### [Brief]
Beginning with the line that includes "Finish Reverse Sink", return every remaining line of the material exactly as it reads, but not the pictures.

### [Dataset extract]
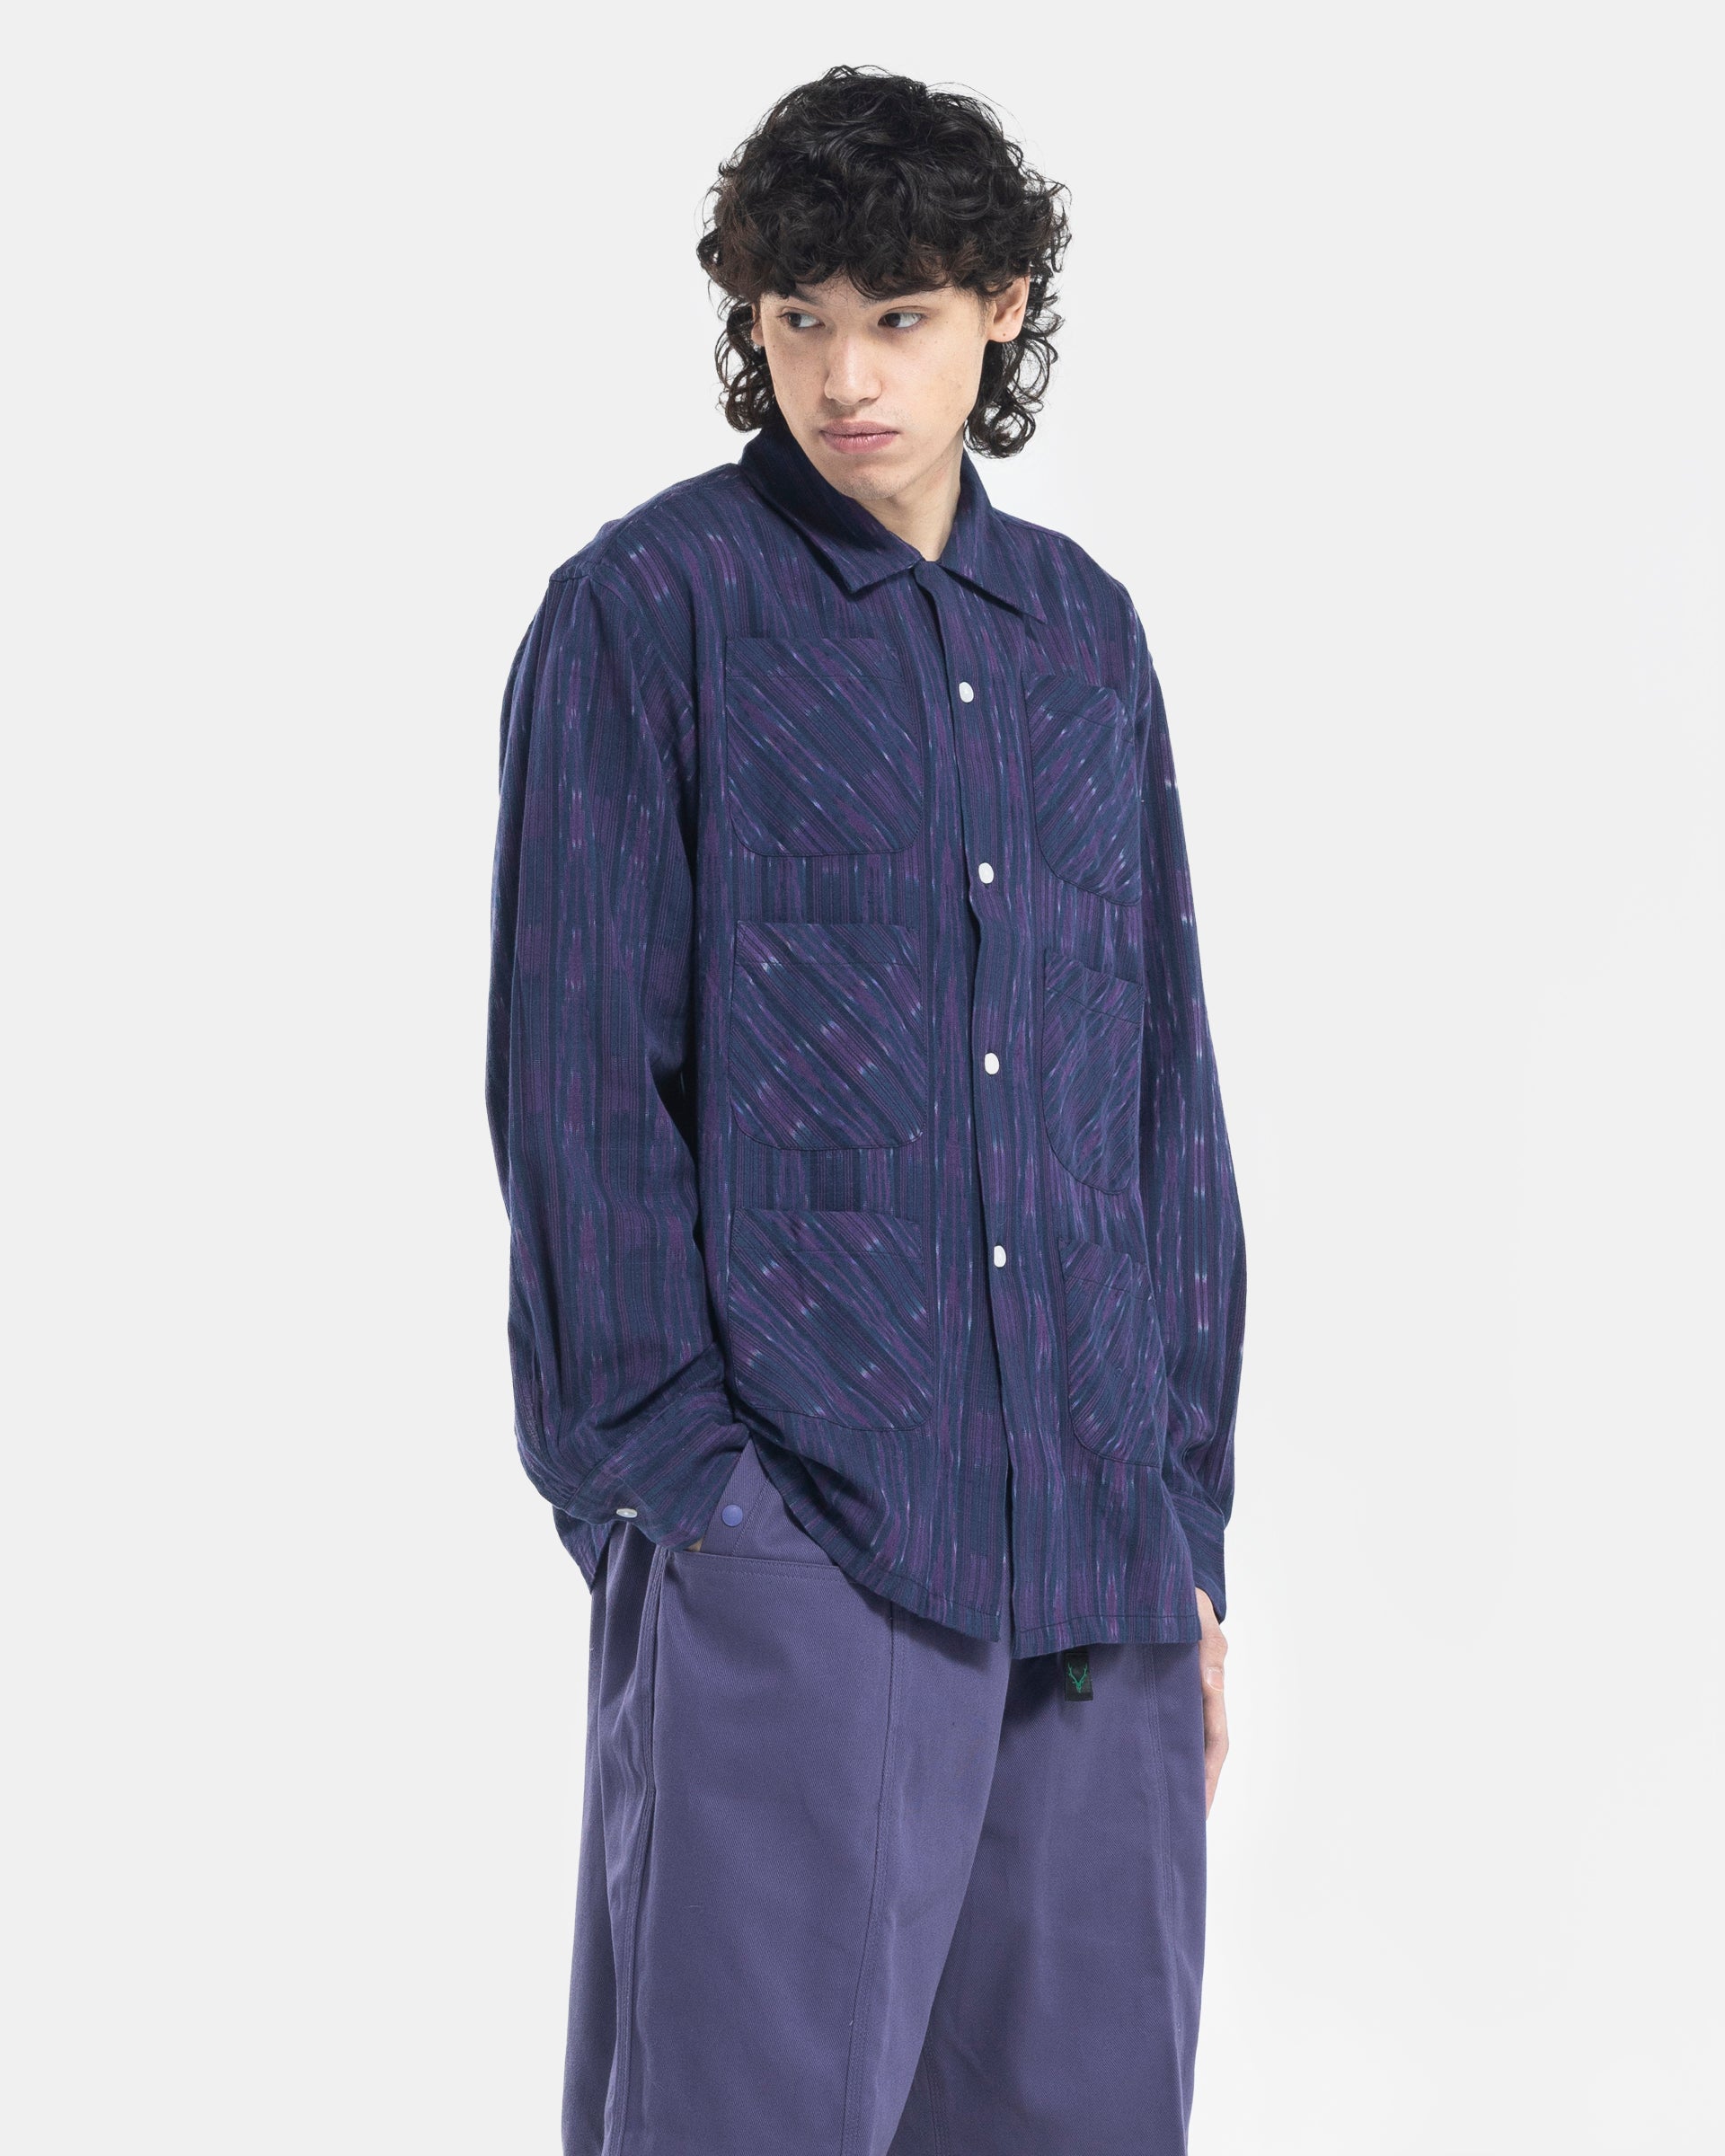 6 Pocket Shirt in Navy and Purple
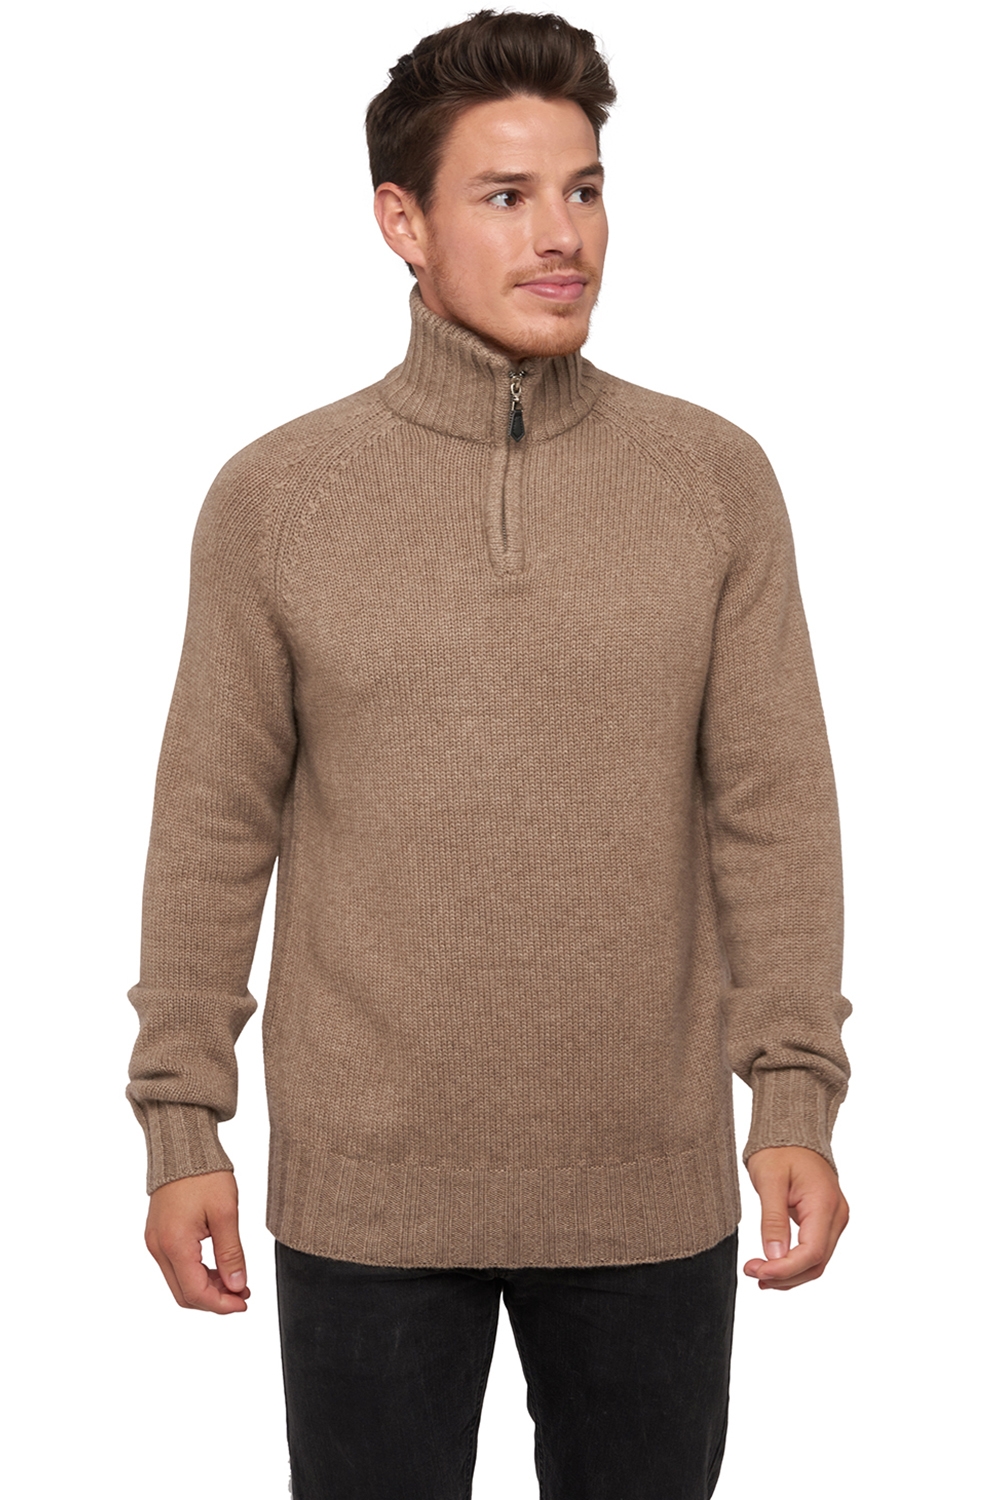 Cachemire Naturel pull homme natural viero natural brown 3xl
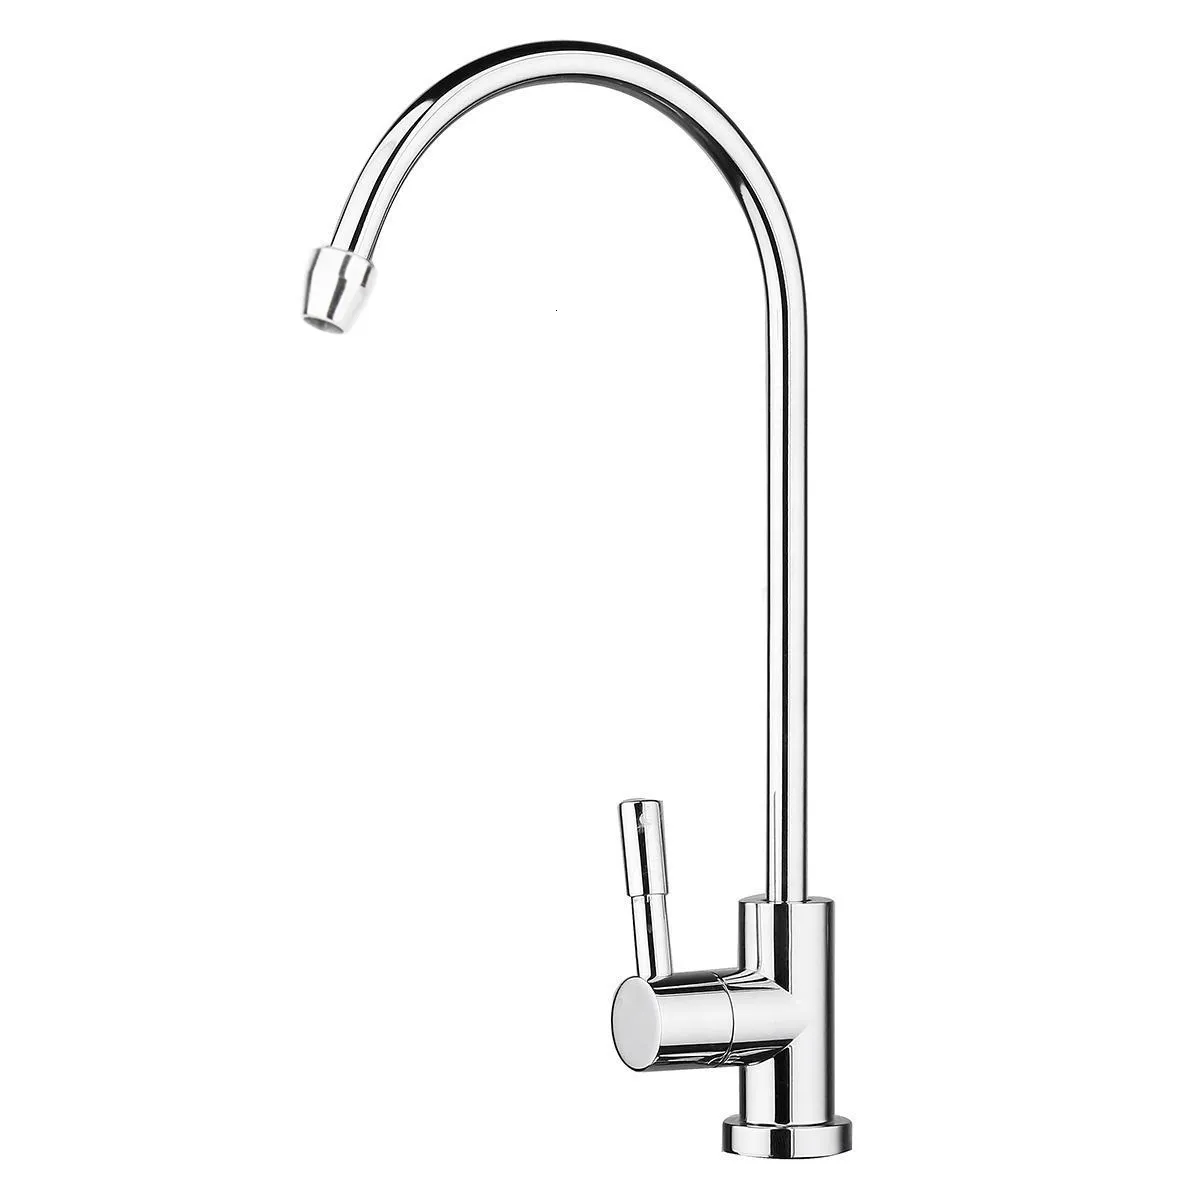 1/4" 304 Stainless Steel Drinking Water Faucet 360 Degree Chrome Osmosis Drinking RO Water Filter Faucet Finish Reverse Sink
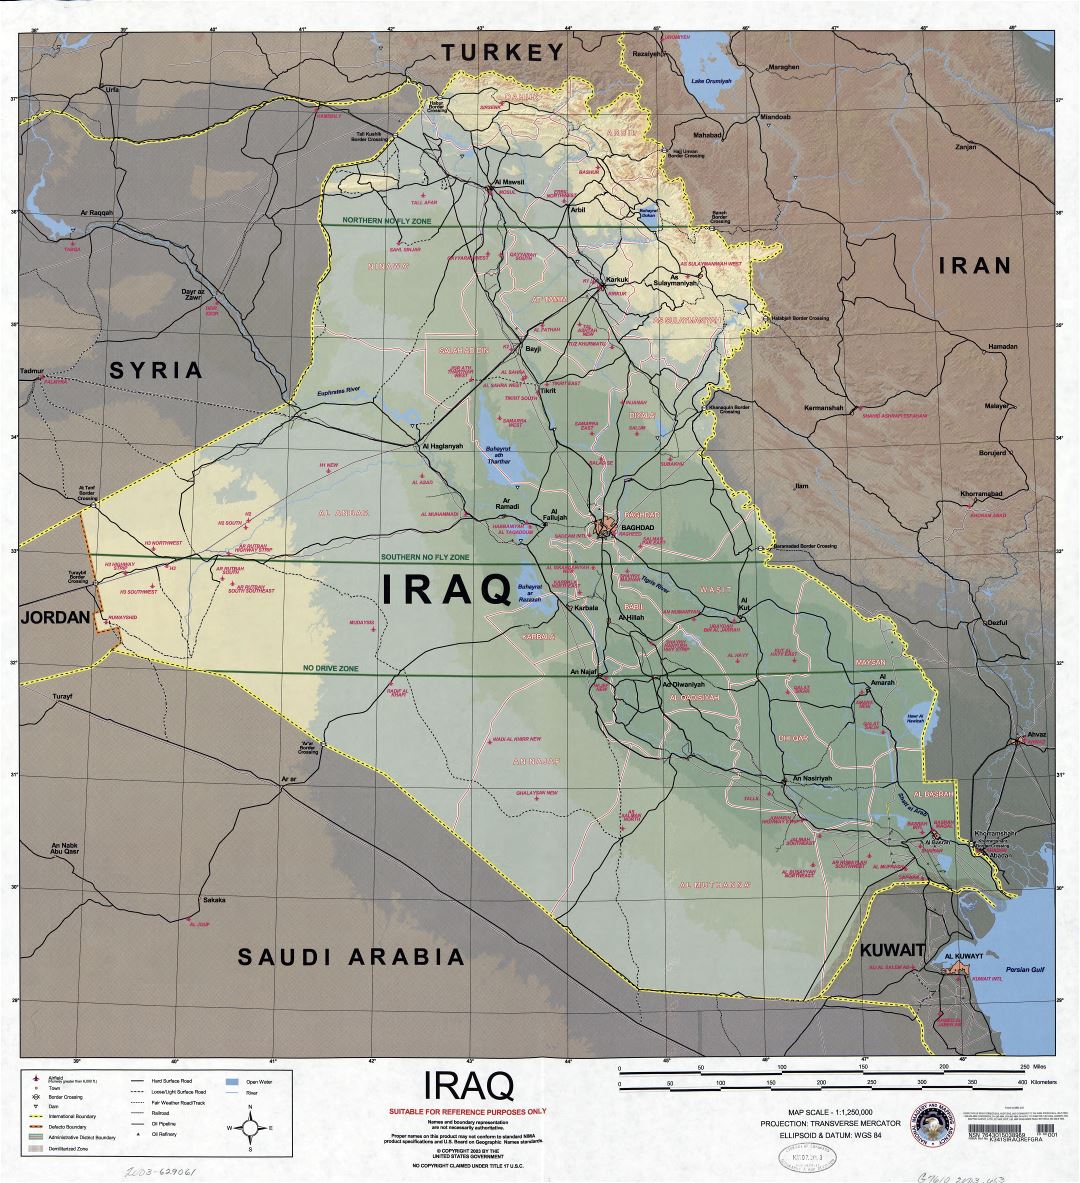 Large scale detailed map of Iraq with other marks - 2003

### [Solution to the problem]
 1/4" 304 Stainless Steel Drinking Water Faucet 360 Degree Chrome Osmosis Drinking RO Water Filter Faucet Finish Reverse Sink
 Large scale detailed map of Iraq with other marks - 2003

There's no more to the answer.